[Extracted information Boundary: Start]

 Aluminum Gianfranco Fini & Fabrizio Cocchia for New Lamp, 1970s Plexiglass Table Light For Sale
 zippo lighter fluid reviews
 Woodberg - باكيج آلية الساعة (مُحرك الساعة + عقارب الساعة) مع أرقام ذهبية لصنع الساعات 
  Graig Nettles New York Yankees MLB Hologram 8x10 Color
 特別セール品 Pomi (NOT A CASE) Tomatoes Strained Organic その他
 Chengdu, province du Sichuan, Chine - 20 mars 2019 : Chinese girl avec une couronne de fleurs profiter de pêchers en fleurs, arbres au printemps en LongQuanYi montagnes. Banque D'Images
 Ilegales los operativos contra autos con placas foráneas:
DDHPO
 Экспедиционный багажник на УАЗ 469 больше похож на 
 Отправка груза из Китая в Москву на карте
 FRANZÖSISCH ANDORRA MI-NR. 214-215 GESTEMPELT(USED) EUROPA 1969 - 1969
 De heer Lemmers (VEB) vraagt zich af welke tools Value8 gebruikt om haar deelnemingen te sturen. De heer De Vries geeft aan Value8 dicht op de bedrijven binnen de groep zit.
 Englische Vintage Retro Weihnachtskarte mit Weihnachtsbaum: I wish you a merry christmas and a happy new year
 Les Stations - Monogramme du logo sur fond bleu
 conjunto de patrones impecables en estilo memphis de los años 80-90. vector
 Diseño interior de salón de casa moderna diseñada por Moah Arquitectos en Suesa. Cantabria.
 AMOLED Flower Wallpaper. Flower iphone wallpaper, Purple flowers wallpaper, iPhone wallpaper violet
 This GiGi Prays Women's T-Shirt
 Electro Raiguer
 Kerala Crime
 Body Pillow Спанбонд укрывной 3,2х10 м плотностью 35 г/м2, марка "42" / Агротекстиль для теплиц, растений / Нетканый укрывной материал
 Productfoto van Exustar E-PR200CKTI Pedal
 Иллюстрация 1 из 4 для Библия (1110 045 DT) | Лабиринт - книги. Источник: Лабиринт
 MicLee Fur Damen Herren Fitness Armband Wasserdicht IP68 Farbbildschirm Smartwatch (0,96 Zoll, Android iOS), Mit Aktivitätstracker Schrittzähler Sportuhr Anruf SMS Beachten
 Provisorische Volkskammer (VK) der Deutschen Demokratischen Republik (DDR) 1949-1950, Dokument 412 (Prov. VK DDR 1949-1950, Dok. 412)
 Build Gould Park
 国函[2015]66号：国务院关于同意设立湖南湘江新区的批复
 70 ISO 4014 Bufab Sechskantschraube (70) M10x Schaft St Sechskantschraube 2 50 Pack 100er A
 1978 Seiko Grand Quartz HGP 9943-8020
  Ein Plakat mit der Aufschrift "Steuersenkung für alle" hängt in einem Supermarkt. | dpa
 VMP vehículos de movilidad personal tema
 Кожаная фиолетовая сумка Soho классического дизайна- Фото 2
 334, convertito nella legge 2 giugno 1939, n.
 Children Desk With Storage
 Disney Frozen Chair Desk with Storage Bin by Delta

[Extracted information Boundary: End]

**What needs to be done**
Reply with one number: the count of lines in the entries that include the word "Desk".

**Answer for this exercise**
2